No ambulance available for teenage girl having seizure
By Maurice Garvey
A YOUNG teenage girl who suffered a seizure, was waiting over three hours for an ambulance to transfer her from Our Lady’s Hospital to St James’s.
Megan Desmond (16), was struck down by a seizure at the family home in Ballyfermot on February 22.
The teenager was the victim of a serious assault last year. Her mother Laura Desmond attributes the seizure to post-traumatic disorder, arising from the attack.
Laura, a mother of four, said: “That day, she said she thought she was going to have a seizure. I put her on the floor and called my partner down. She never had a seizure before. It was a big fright for us.

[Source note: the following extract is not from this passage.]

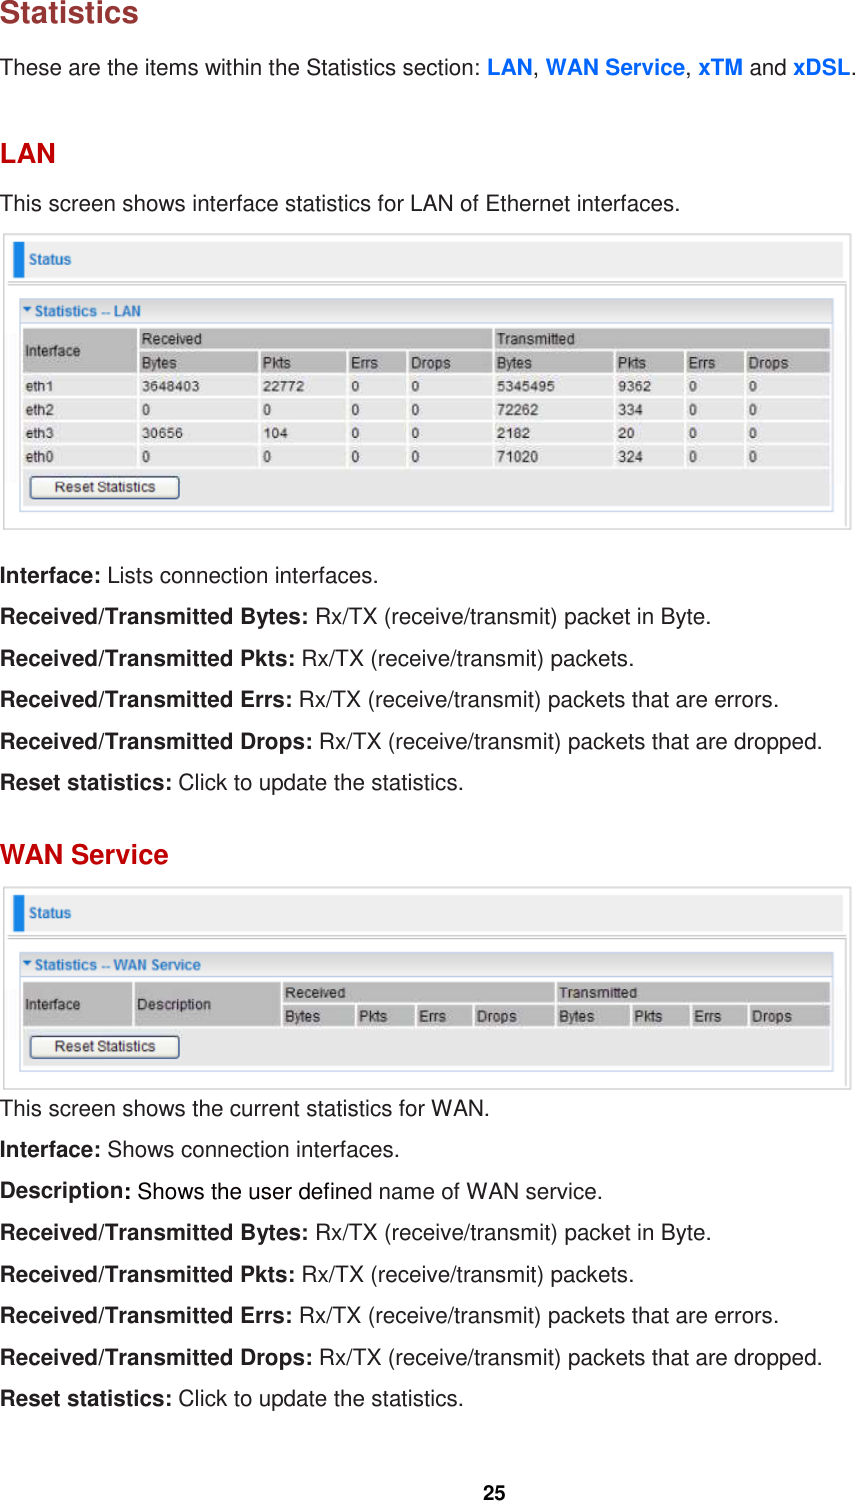  25  Statistics These are the items within the Statistics section: LAN, WAN Service, xTM and xDSL.   LAN This screen shows interface statistics for LAN of Ethernet interfaces.   Interface: Lists connection interfaces.  Received/Transmitted Bytes: Rx/TX (receive/transmit) packet in Byte. Received/Transmitted Pkts: Rx/TX (receive/transmit) packets. Received/Transmitted Errs: Rx/TX (receive/transmit) packets that are errors. Received/Transmitted Drops: Rx/TX (receive/transmit) packets that are dropped. Reset statistics: Click to update the statistics.  WAN Service  This screen shows the current statistics for WAN. Interface: Shows connection interfaces.  Description: Shows the user defined name of WAN service. Received/Transmitted Bytes: Rx/TX (receive/transmit) packet in Byte. Received/Transmitted Pkts: Rx/TX (receive/transmit) packets. Received/Transmitted Errs: Rx/TX (receive/transmit) packets that are errors. Received/Transmitted Drops: Rx/TX (receive/transmit) packets that are dropped. Reset statistics: Click to update the statistics.

“We called 999, they said an ambulance was 10/15 minutes away. They asked us to check for vital signs, and time her breathing. After some minutes, with no sign of an ambulance, my partner rang 999 again, and was told by the same person that there was none available,” said Laura.
“He (the dispatcher) said he told us that the first time we called, but that’s not the case. We have two cars at the house, and would have driven her to hospital straight away and not wasted time.”
Megan was brought to Our Lady’s Hospital in Crumlin in their car – cradled by her frantic mother and father. The other children were cared for by her mother.
Laura continued: “We proceeded – on automatic pilot – to the Children’s Hospital. She had the seizure all the way from Ballyfermot to Crumlin. It was very scary.
“They got her on a trolley, and administered something to calm her down. They decided because Megan is 16, to transfer her to St James’s. My partner had gone home at this stage (9.30pm) to look after the other kids.We were told we would have to wait for an ambulance. That took another three hours.”
Arriving at St James’s at 12.30am, it wasn’t until 4.30am that Megan got a bed, where she stayed for a week, and undergoing tests.
Laura, continued: “I thought St James’s would be packed due to wait for ambulances, but there were only four people in A&E. A neighbour who works there, said it was one of the quietest nights in 20 years.
“Megan had MRI and EEG tests and was given the all-clear. She was put in a ward with three grown-up men for four nights, which was not ideal.”
A spokesperson for the HSE said the 999 call was received by Dublin Fire Brigade. A spokesperson for the DFB said they received the call at 7.28pm and it was cancelled at 7.39pm.
St James’s spokesperson says the majority of wards are mixed, but they strive to ensure that all patients are looked after appropriately and comfortably.
Megan is since out of hospital, but has missed days at St Dominic’s Secondary School, as she recovers.
“She suffered a seizure again, and went to the GP, but she doesn’t want to go back to the hospital again,” said Laura.